[Work required]:
Give back only the lines in the records below from the one with "Ostern, Prozession, Bruderschaft, Nazarener, Das" to the one with "Pantone Huey Pro", both inclusive, word for word.

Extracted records
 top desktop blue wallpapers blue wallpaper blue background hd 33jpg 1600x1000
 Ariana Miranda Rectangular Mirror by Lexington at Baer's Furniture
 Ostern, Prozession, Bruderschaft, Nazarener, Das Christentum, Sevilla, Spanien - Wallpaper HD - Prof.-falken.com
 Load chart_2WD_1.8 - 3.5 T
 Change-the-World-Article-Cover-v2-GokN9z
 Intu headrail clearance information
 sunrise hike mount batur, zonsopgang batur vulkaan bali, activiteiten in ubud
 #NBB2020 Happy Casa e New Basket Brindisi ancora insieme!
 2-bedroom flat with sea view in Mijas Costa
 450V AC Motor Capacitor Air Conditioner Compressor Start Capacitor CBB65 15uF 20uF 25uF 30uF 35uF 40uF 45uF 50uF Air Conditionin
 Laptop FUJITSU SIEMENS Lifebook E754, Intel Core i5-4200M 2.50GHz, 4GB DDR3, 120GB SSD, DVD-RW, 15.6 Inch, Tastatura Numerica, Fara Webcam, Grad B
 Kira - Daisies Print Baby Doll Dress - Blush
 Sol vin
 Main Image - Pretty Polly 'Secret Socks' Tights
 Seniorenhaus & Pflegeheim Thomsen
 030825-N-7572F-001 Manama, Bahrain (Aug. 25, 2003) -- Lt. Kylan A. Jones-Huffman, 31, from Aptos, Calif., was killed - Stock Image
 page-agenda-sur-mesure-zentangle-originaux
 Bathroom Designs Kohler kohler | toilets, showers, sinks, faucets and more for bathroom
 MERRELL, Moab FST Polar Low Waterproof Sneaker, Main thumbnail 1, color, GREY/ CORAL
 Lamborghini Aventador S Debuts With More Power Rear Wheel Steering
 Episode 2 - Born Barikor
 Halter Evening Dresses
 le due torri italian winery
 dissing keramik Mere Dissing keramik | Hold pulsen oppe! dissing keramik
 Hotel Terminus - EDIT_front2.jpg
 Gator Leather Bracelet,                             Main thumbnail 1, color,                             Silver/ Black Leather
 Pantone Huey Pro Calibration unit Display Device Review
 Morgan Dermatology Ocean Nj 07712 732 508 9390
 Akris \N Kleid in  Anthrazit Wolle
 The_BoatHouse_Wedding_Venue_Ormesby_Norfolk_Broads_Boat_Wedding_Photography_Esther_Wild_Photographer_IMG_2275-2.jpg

[Response area]:
 Ostern, Prozession, Bruderschaft, Nazarener, Das Christentum, Sevilla, Spanien - Wallpaper HD - Prof.-falken.com
 Load chart_2WD_1.8 - 3.5 T
 Change-the-World-Article-Cover-v2-GokN9z
 Intu headrail clearance information
 sunrise hike mount batur, zonsopgang batur vulkaan bali, activiteiten in ubud
 #NBB2020 Happy Casa e New Basket Brindisi ancora insieme!
 2-bedroom flat with sea view in Mijas Costa
 450V AC Motor Capacitor Air Conditioner Compressor Start Capacitor CBB65 15uF 20uF 25uF 30uF 35uF 40uF 45uF 50uF Air Conditionin
 Laptop FUJITSU SIEMENS Lifebook E754, Intel Core i5-4200M 2.50GHz, 4GB DDR3, 120GB SSD, DVD-RW, 15.6 Inch, Tastatura Numerica, Fara Webcam, Grad B
 Kira - Daisies Print Baby Doll Dress - Blush
 Sol vin
 Main Image - Pretty Polly 'Secret Socks' Tights
 Seniorenhaus & Pflegeheim Thomsen
 030825-N-7572F-001 Manama, Bahrain (Aug. 25, 2003) -- Lt. Kylan A. Jones-Huffman, 31, from Aptos, Calif., was killed - Stock Image
 page-agenda-sur-mesure-zentangle-originaux
 Bathroom Designs Kohler kohler | toilets, showers, sinks, faucets and more for bathroom
 MERRELL, Moab FST Polar Low Waterproof Sneaker, Main thumbnail 1, color, GREY/ CORAL
 Lamborghini Aventador S Debuts With More Power Rear Wheel Steering
 Episode 2 - Born Barikor
 Halter Evening Dresses
 le due torri italian winery
 dissing keramik Mere Dissing keramik | Hold pulsen oppe! dissing keramik
 Hotel Terminus - EDIT_front2.jpg
 Gator Leather Bracelet,                             Main thumbnail 1, color,                             Silver/ Black Leather
 Pantone Huey Pro Calibration unit Display Device Review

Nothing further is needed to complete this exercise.